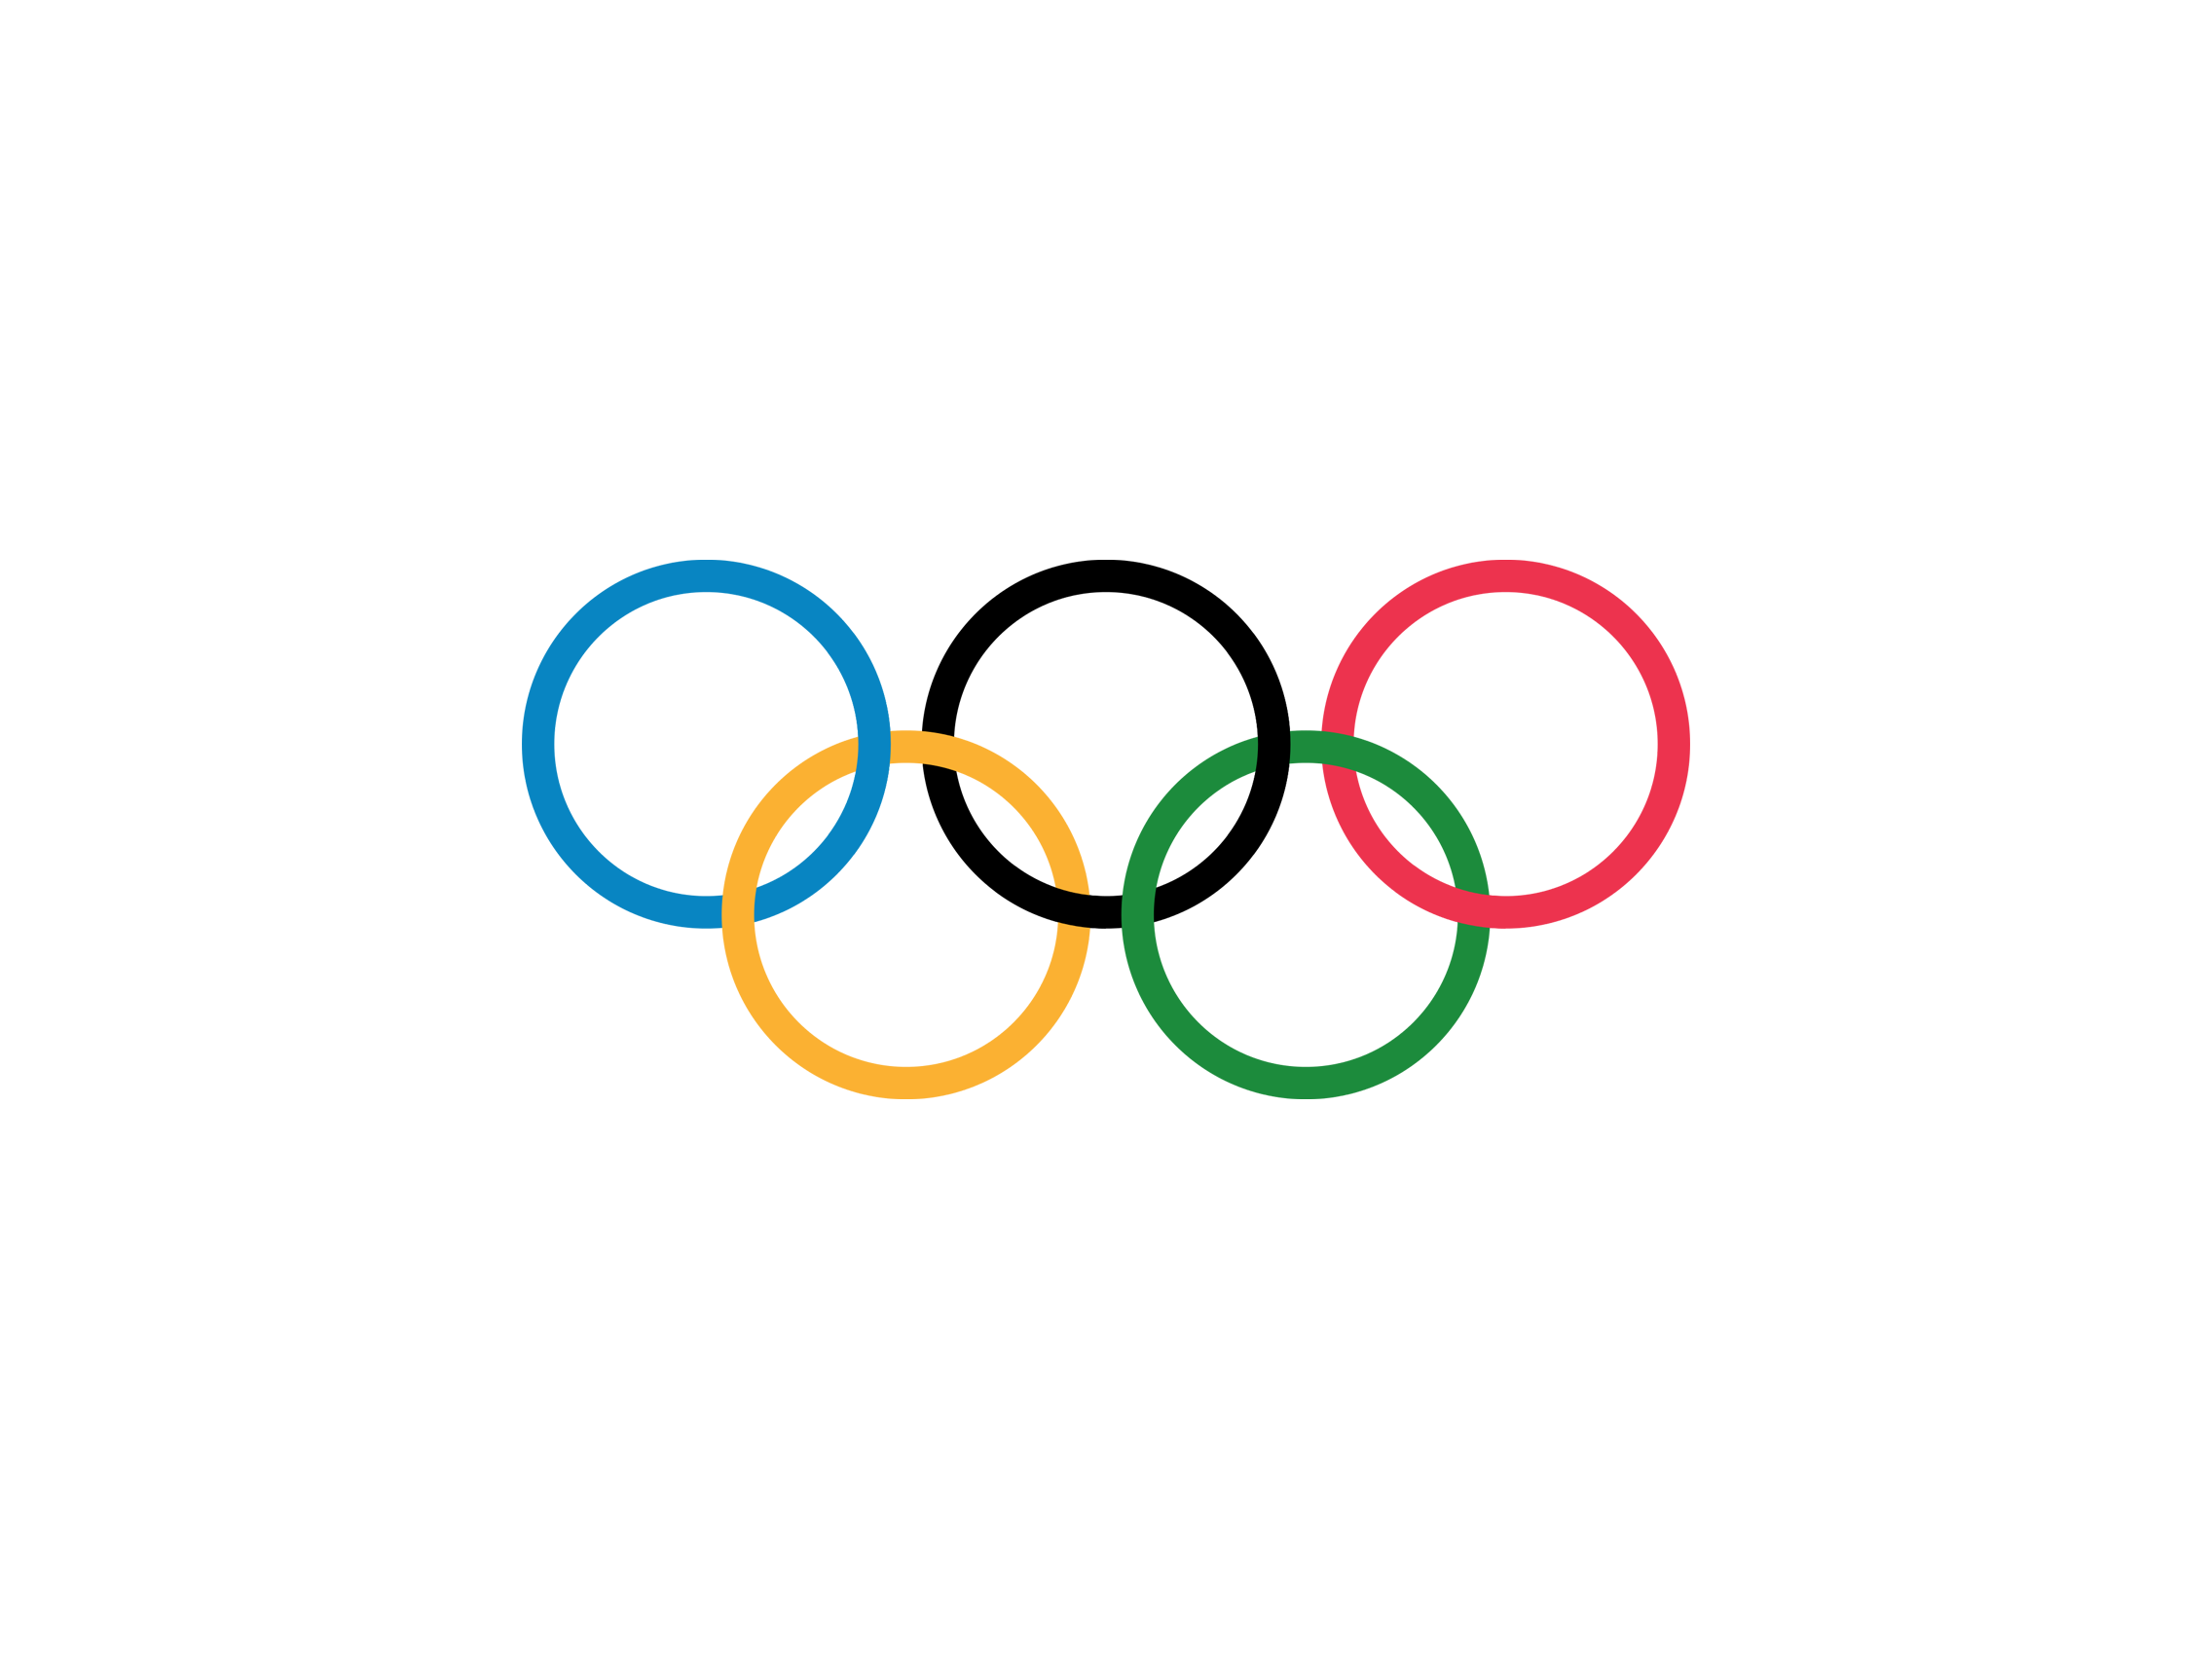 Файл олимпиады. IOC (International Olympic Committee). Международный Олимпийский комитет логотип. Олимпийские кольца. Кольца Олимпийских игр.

◆ ◆ ◆ ◆

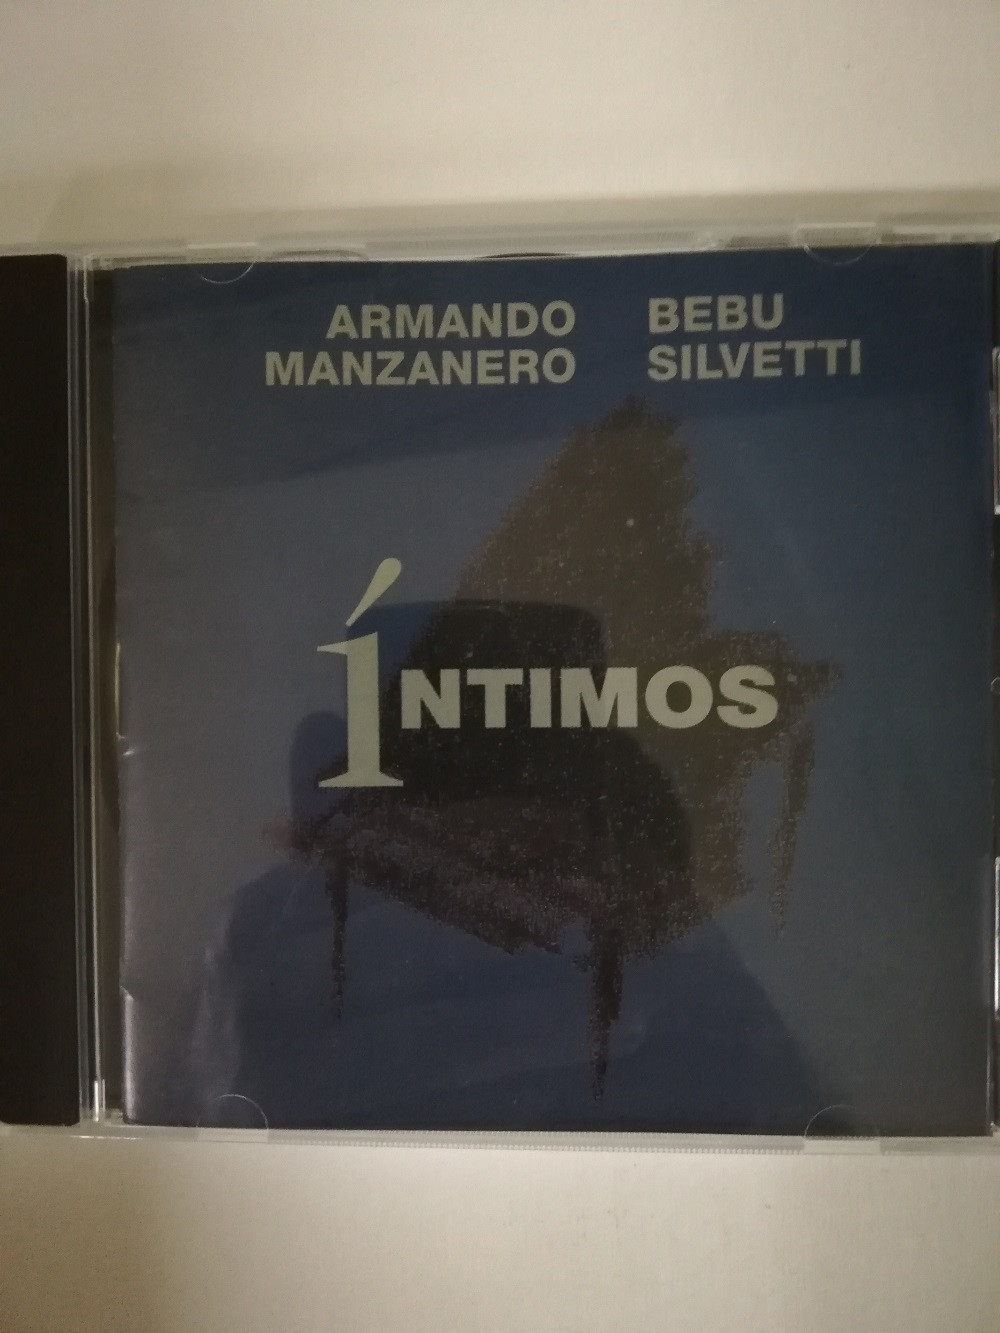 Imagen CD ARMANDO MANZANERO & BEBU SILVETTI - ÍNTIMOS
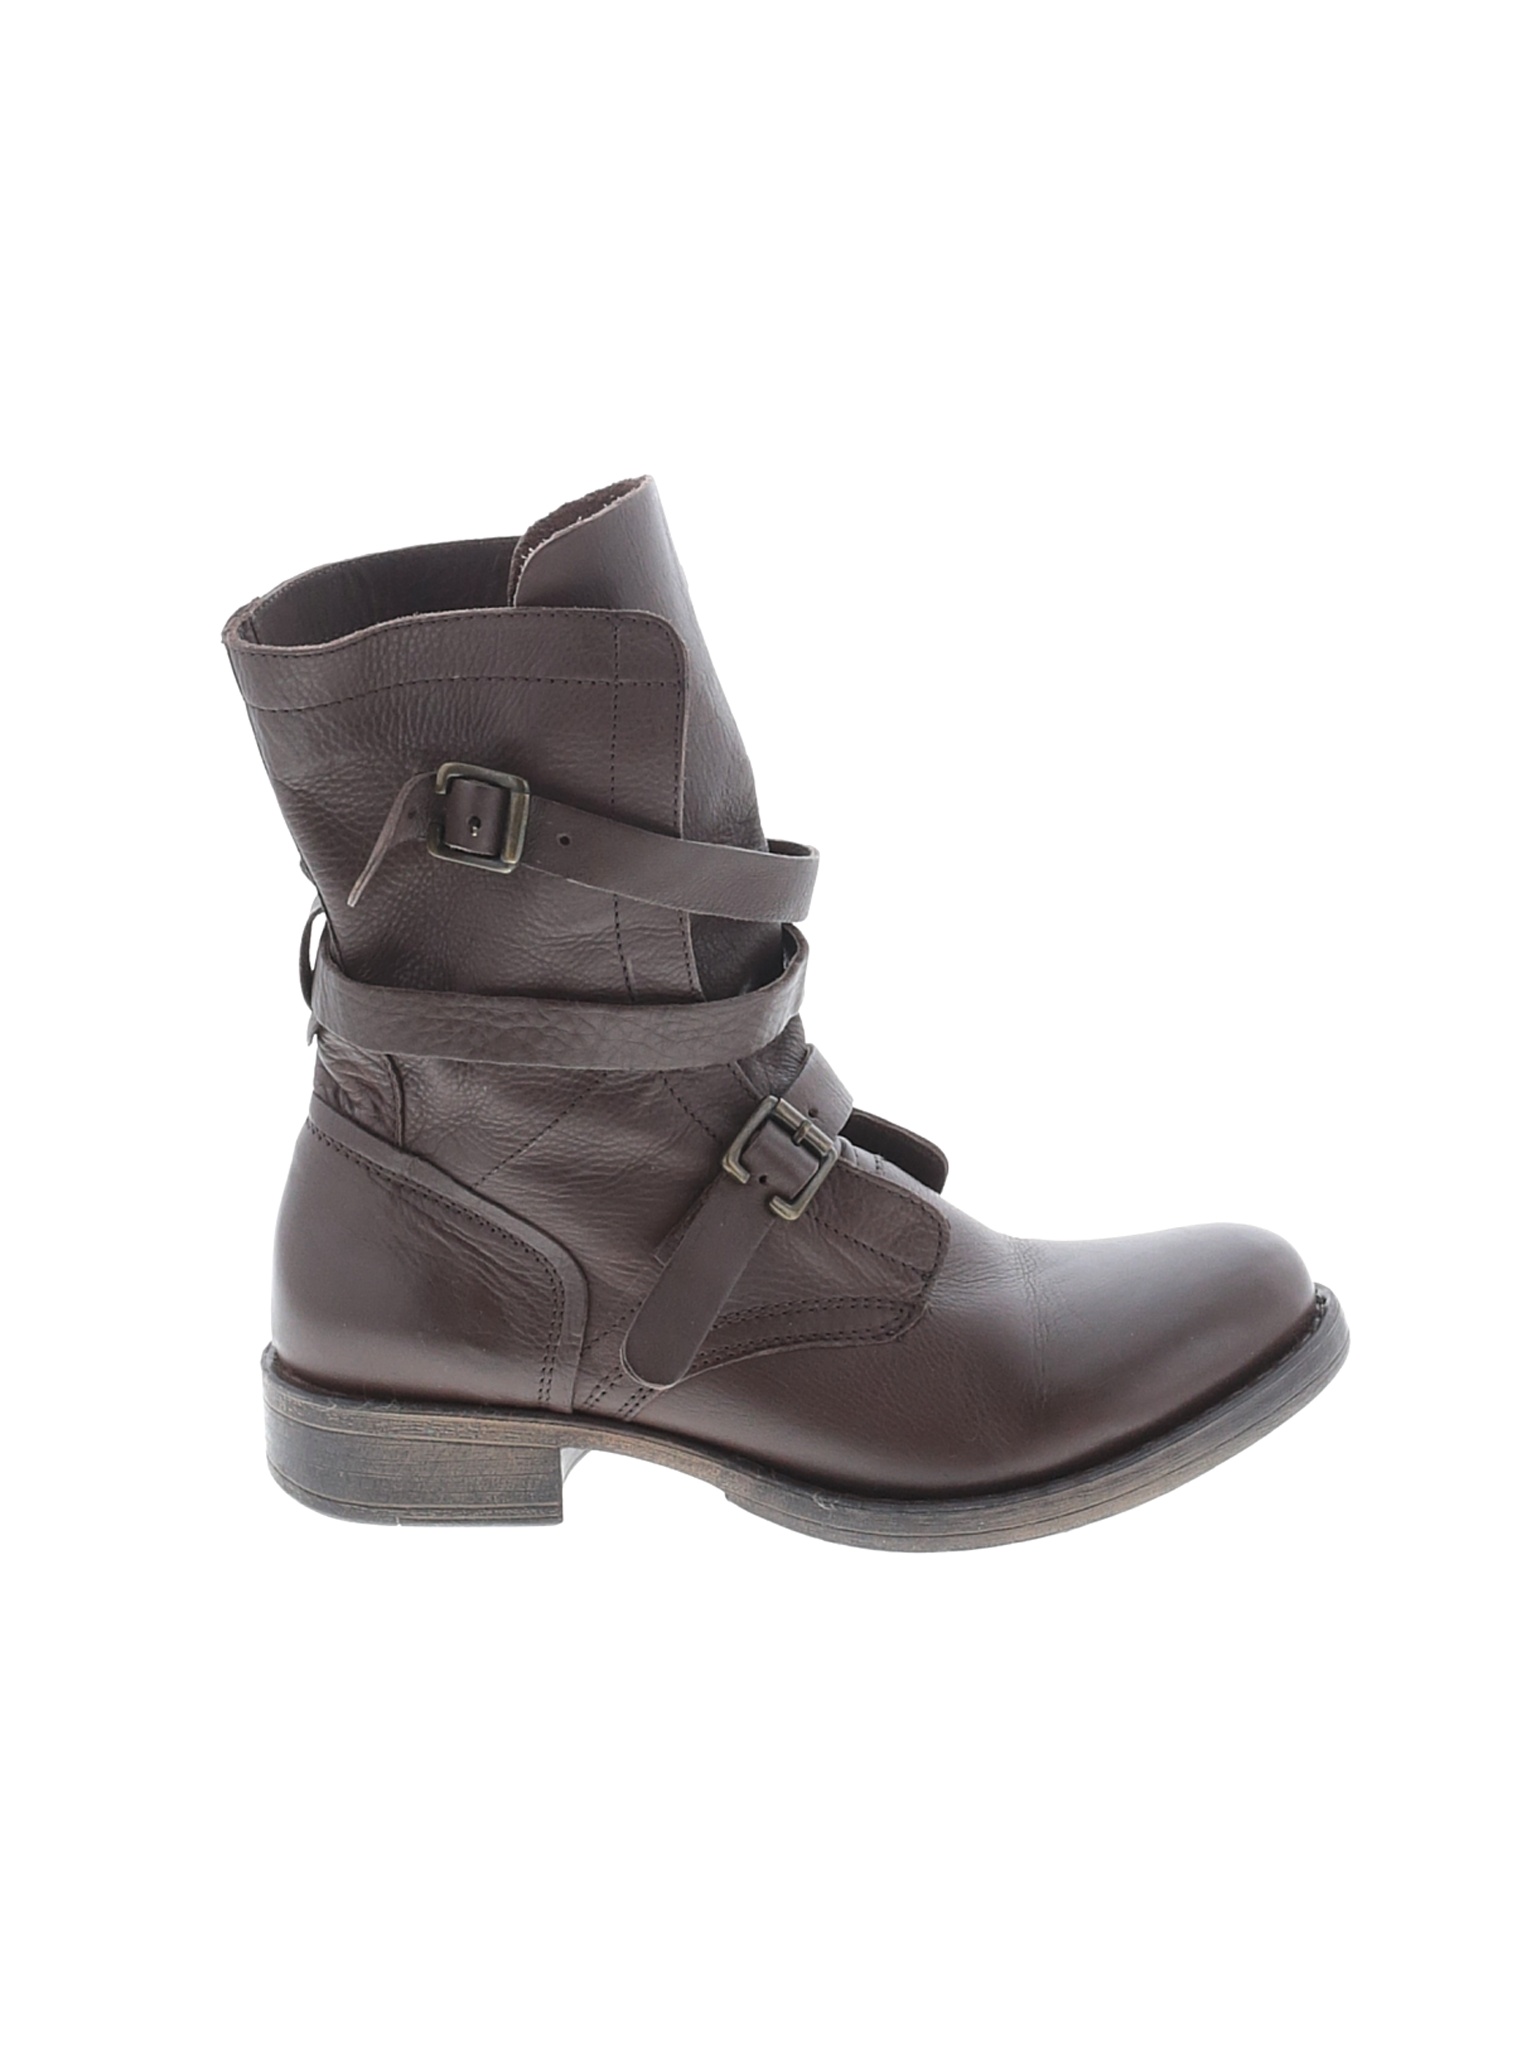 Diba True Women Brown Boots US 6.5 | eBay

◆ ◆ ◆ ◆

(YOUR TASK) What is needed is an exact copy of the lines above from the one with "Imagen CD ARMANDO" to the one with "Diba True Women Brown Boots US 6.5 | eBay", both ends kept, and nothing more; please leave the pictures out.

(WRITTEN ANSWER)
 Imagen CD ARMANDO MANZANERO & BEBU SILVETTI - ÍNTIMOS
 Diba True Women Brown Boots US 6.5 | eBay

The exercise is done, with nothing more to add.